BOYLE HEIGHTS — Sunshine greeted mourners Friday who came to the first public funeral for Los Angeles’s unclaimed since 2019. 

The ceremony and service, located at the east end of Evergreen Cemetery in the County of Los Angeles Cemetery space in Boyle Heights, which has been happening at this time of year annually since 1896, is special to Los Angeles. Lives honored at this year’s service were the first group of individuals laid to rest since the COVID-19 pandemic began in 2020.
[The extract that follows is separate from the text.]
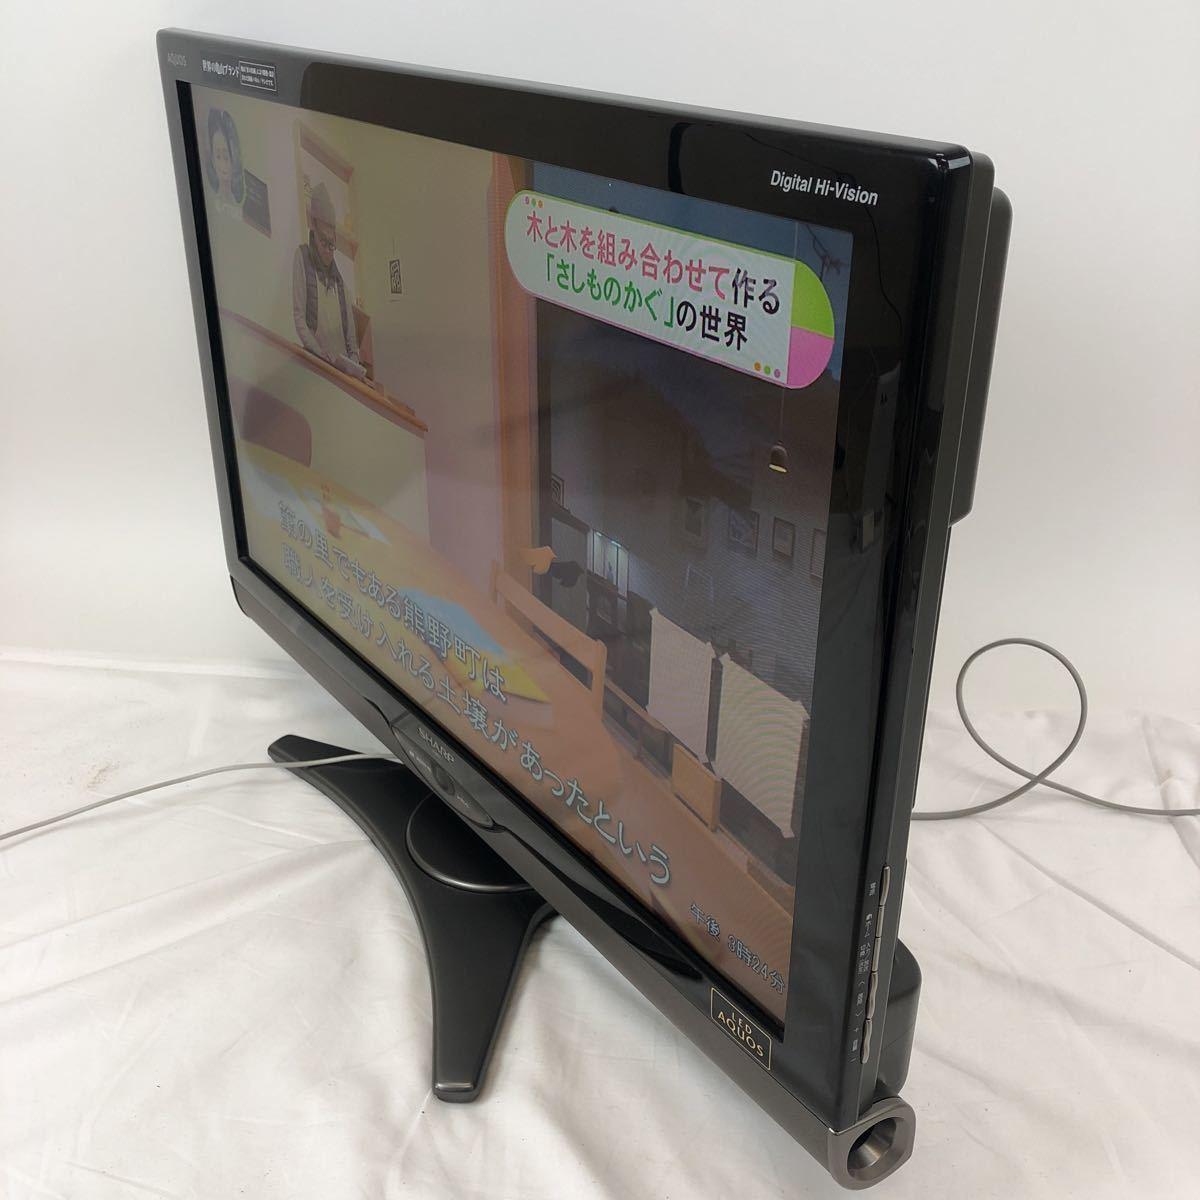 SHARP シャープ 32V型 液晶 テレビ AQUOS LC-32SC1 ハイビジョン_画像3

This year’s 1932 people (as confirmed by LA County Cremator Operator Craig Garnett) and the thousands of others in previous years who are laid to their final rest are honored by the many strangers who attend the annual ceremony. Many of the decedents — a legal term LA County uses for a person who has died — were homeless or lacking support systems, not just in life but in death. They end up there due to financial reasons, themselves having a lack of finances to obtain their individualized funeral or kin to come and retrieve them before they end up at the ceremony.

“We don’t know enough about the people we are burying today to really do them justice,”  District 4 County Supervisor Janice Hahn, who represents Torrance and the Palos Verdes Peninsula through Long Beach and the Gateway Cities, said at the ceremony’s opening. “But we know many of them were unhoused, some were children, some were immigrants to this country far from families who love and miss them, and almost all of them were very poor.”

Financial insecurity in life is not just something that exists for the individuals laid to rest. Funerary costs at the end of life can often be difficult for families to endure.

The costs involved with picking up cremains (or cremated remains) can sometimes be prohibitive for low-income loved ones of a decedent. Here in LA, it costs approximately four hundred dollars to collect a loved one’s cremains. The cost for unclaimed remains varies across the country. It varies even for major cities within the state. San Francisco, for example, costs over a thousand dollars to pick up cremains for a decedent processed through the city.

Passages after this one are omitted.